Entre 2013 e 2023, o número de mulheres não negras assassinadas diminuiu 26,5%, enquanto a redução foi de 20,4% no caso das vítimas negras. E enquanto houve estagnação na taxa de mulheres assassinadas no Brasil (por 100 mil habitantes), no recorte apenas de mulheres negras a taxa cresceu 2,4%.

“Da mesma forma como acontece com a distribuição dos homicídios no Brasil, de modo geral, o recorte por raça/cor ilumina também as desigualdades regionais da distribuição dessas mortes. Como visto, enquanto em 2023 a taxa Brasil de homicídio feminino de negras foi de 4,3, foram 12 os estados cujas taxas superaram a nacional. As piores delas foram encontradas em Pernambuco (7,2), Roraima (6,9), Amazonas e Bahia (cada um destes dois últimos com taxa de 6,6)”, destacou o relatório.

Homicídios ocultos

O estudo chama atenção para um dado que pode elevar o número oficial de homicídios divulgado pelo Ministério da Saúde, o óbito registrado como morte violenta por causa indeterminada. Parte dessas mortes violentas, segundo o Atlas, são homicídios não contabilizados pelo Estado, pela incapacidade de identificar suas causas.

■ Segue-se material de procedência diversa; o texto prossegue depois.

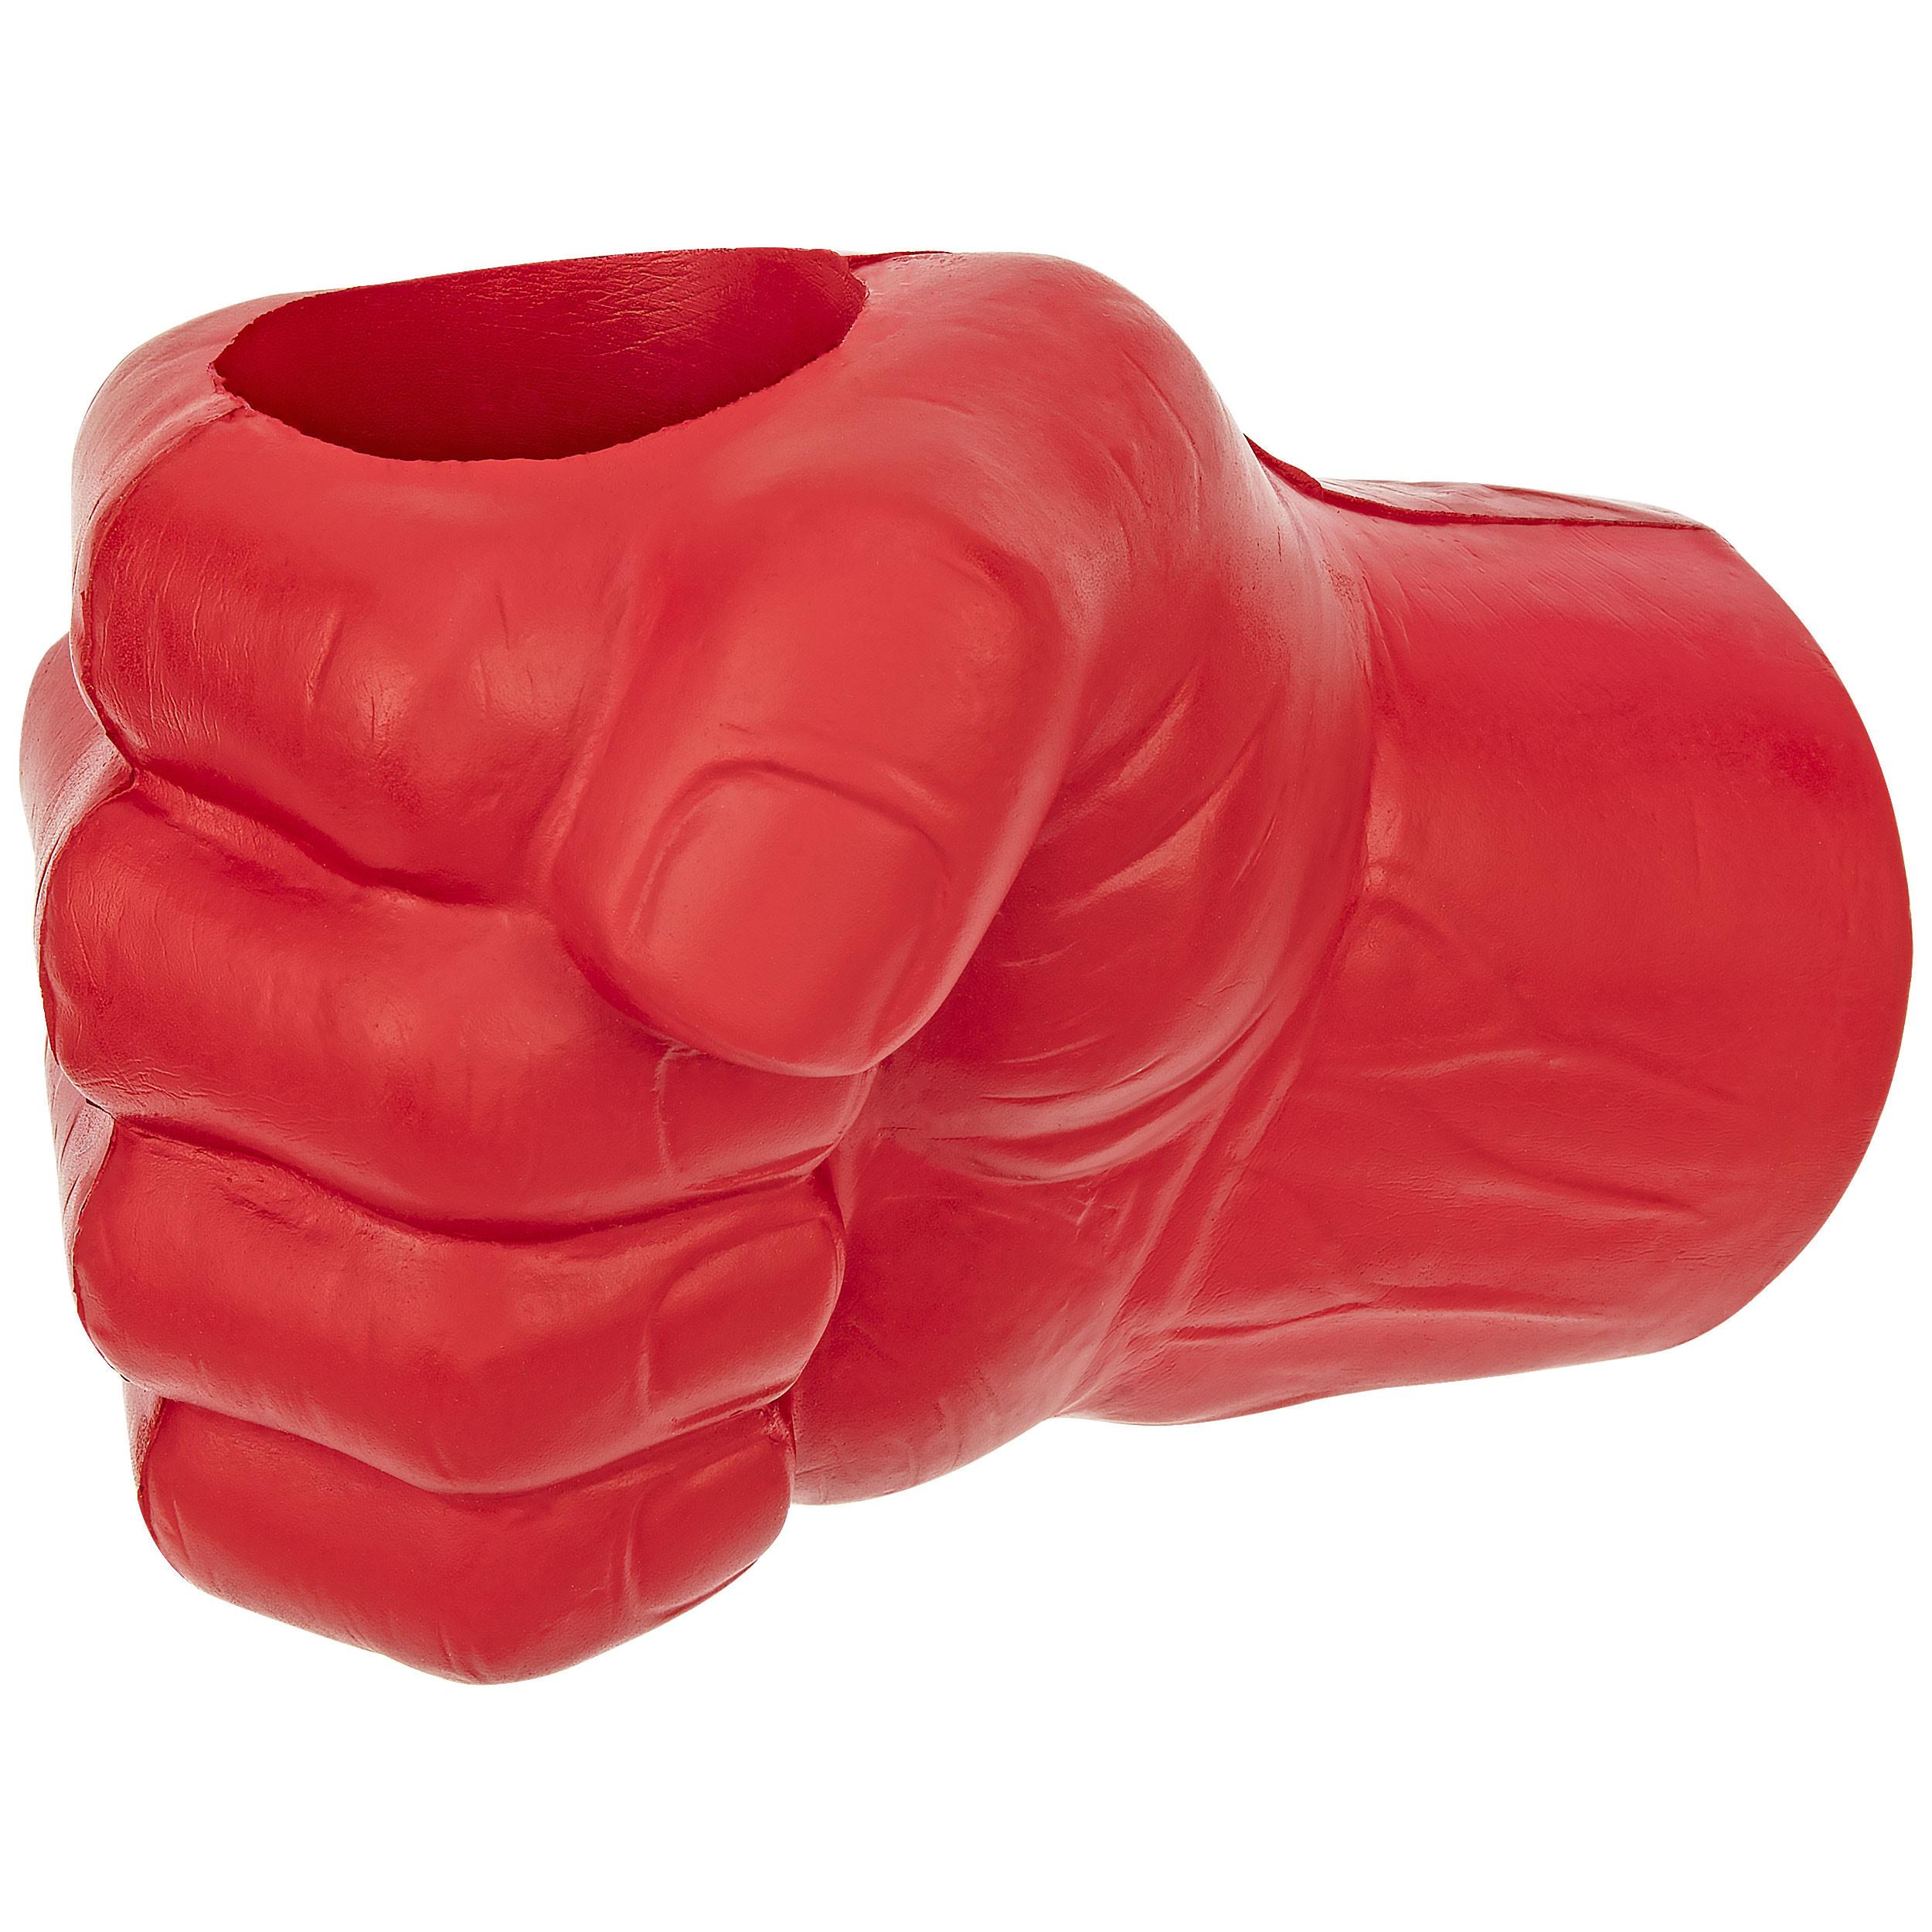 Fairly Odd Novelties Giant Foam Fist Hand Can Cooler Novelty, Right Hand, Red

Para corrigir a estatística, o Atlas da Violência usa uma metodologia que permite chegar aos chamados “homicídios ocultos”. Segundo a pesquisa, o Brasil teve 51.608 “homicídios ocultos” entre 2013 e 2023, que passaram ao largo das estatísticas oficiais de violência. Isso significa uma média anual de 4.692 homicídios que deixaram de ser contabilizados, ou cerca de 10% do total.

— A gente precisa ter um bom termômetro para medir o fenômeno e fazer a política correta. Se o termômetro está quebrado, estamos medindo a febre a mais ou a menos, e de repente vamos tomar o remédio errado. No caso dos dados da saúde, esse termômetro estava meio desregulado, sobretudo para alguns estados. Com essa correção, nós demos visibilidade aos homicídios ocultos — explica Cerqueira.